Is it possible to configure higher throughput for the WFM bulk import endpoint when running JMeter scripts from the Singapore region? The API consistently returns 429 errors after 50 concurrent requests despite valid authentication tokens.
HTTP/1.1 429 Too Many Requests
X-RateLimit-Remaining: 0
The documentation mentions standard limits but lacks specifics on scaling for high-volume data ingestion scenarios.
Have you tried adjusting the concurrency settings within your JMeter configuration rather than expecting platform-side scaling? The Genesys Cloud architecture enforces strict rate limiting on bulk import endpoints to preserve data integrity across all tenants, particularly in regulated regions like EU-FR. This is a design feature, not a bug.
The 429 errors indicate you have hit the transactional ceiling for that specific API call. For performance monitoring purposes, it is more effective to stagger the requests using a pacing delay. This allows the backend processing queue to clear before the next batch arrives.

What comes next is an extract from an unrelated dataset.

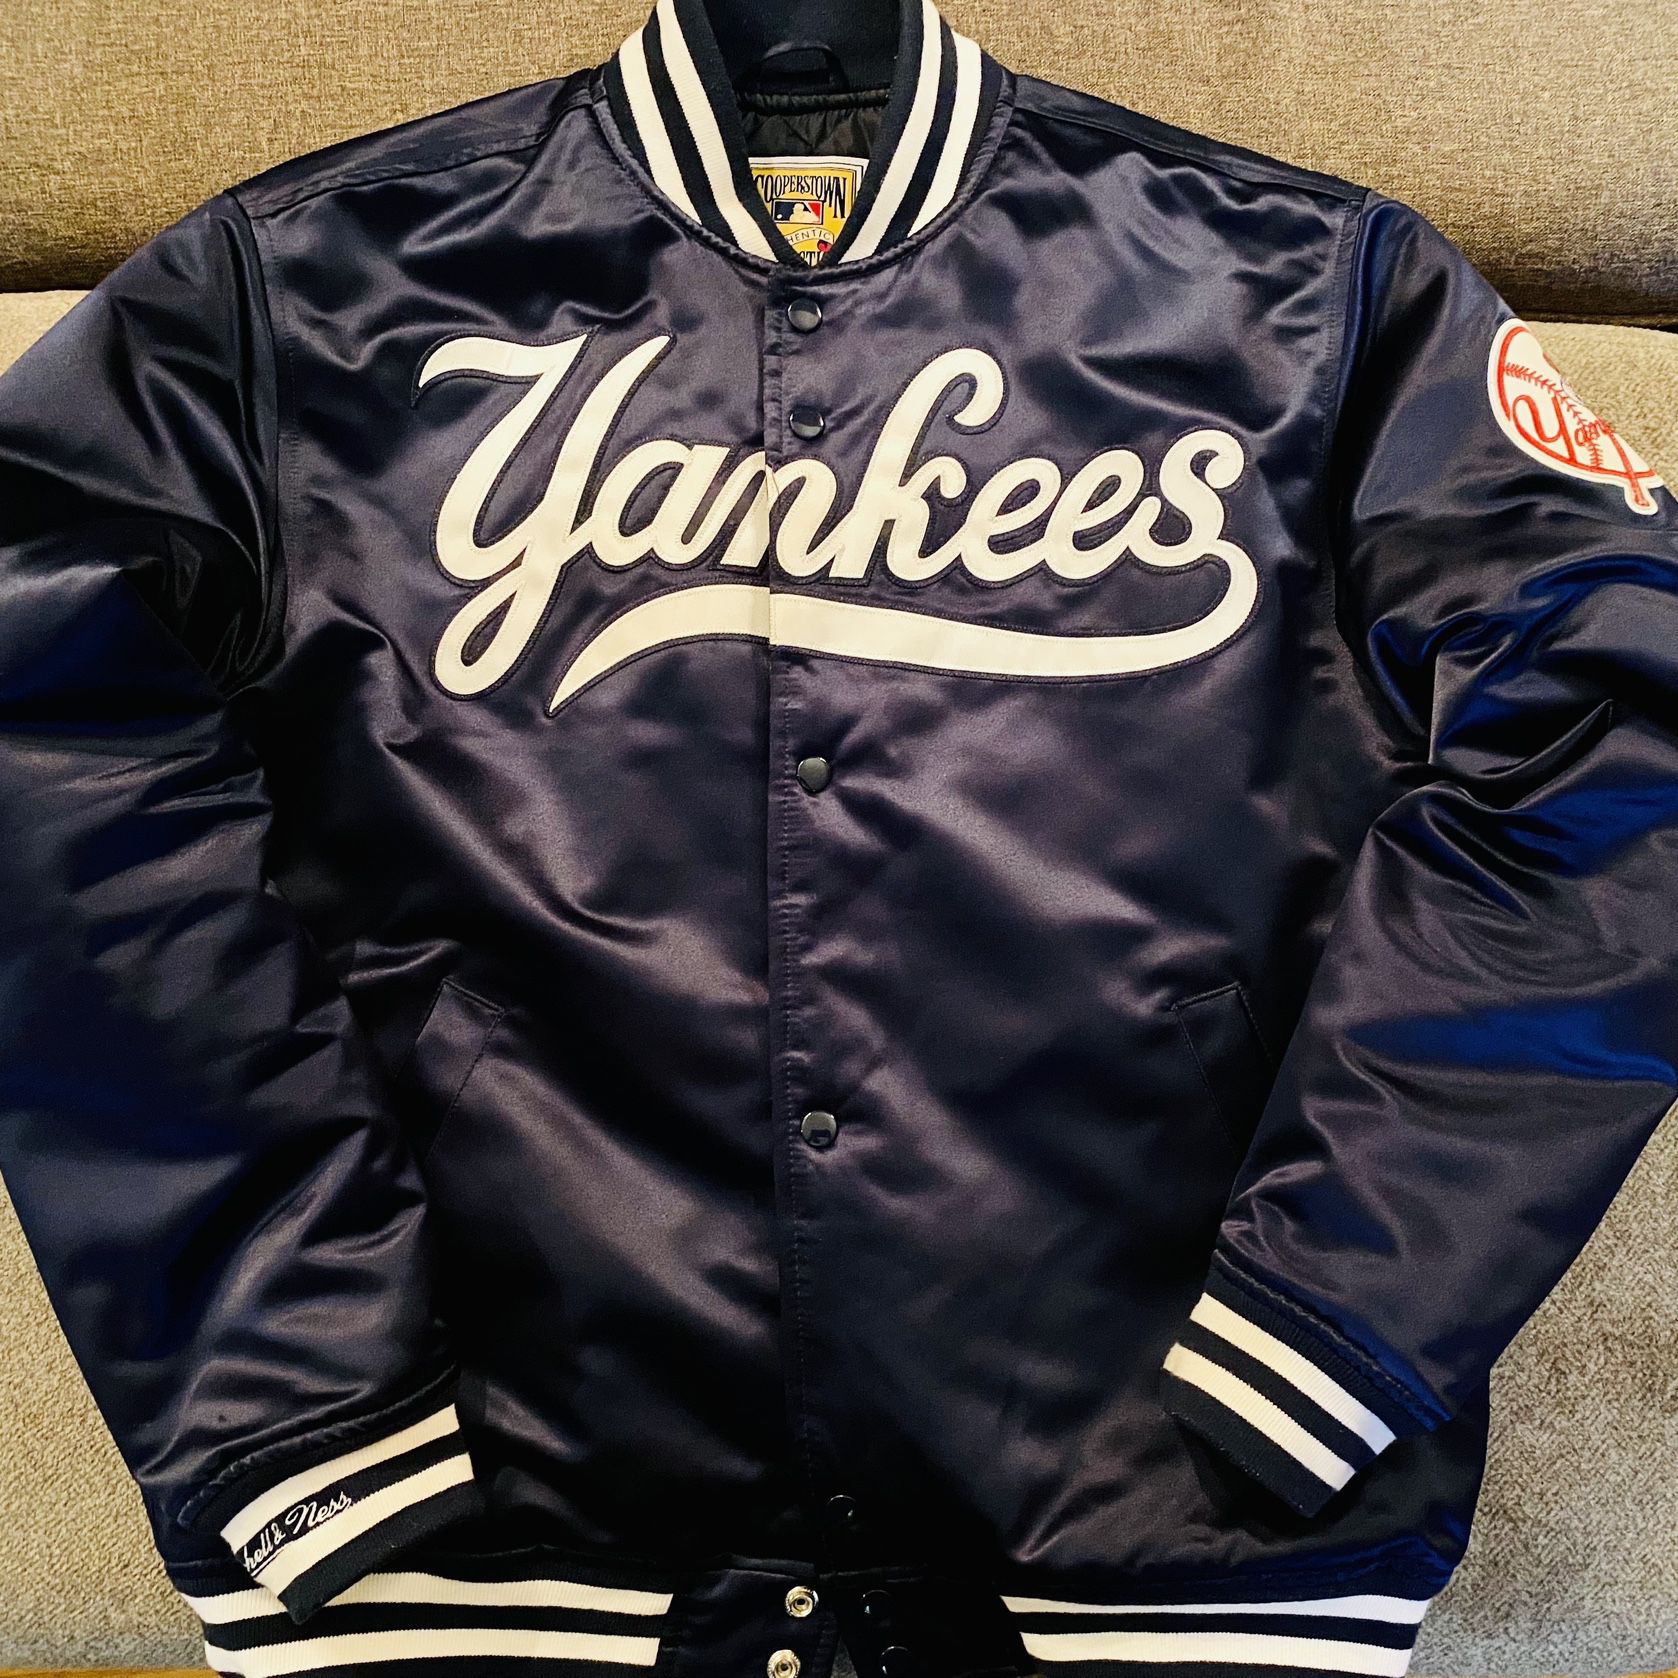 Mitchell&ness 1999 New York Yankees Satin Jacket Size Medium for Sale in  Yonkers, NY - OfferUp

From a dashboard perspective, sudden spikes in ingestion can also distort real-time queue metrics. Smoothing the load ensures that the performance views reflect actual operational capacity rather than artificial stress. Consider implementing a token bucket algorithm in your script to align with the documented throughput limits.
Generally speaking, the wfm bulk import limits are hard-coded safeguards rather than configurable throughput parameters. while the suggestion above about adjusting jmeter concurrency is valid for local resource management, the platform side will still enforce the 429 threshold regardless of your client-side tweaks. for high-volume ingestion scenarios, especially when coordinating with byoc trunk data or sip registration logs that might overlap in timing, the standard approach is to implement an exponential backoff strategy in your scripts. instead of pushing 50 concurrent requests, try staggering them with a delay of 200ms between batches. additionally, ensure your authentication tokens are refreshed before hitting the limit, as expired tokens can sometimes trigger misleading rate limit errors. if you are strictly bound by the 50 request ceiling, consider breaking the load test into smaller, sequential chunks with a 30-second cool-down period between each batch to allow the api gateway to reset the counter.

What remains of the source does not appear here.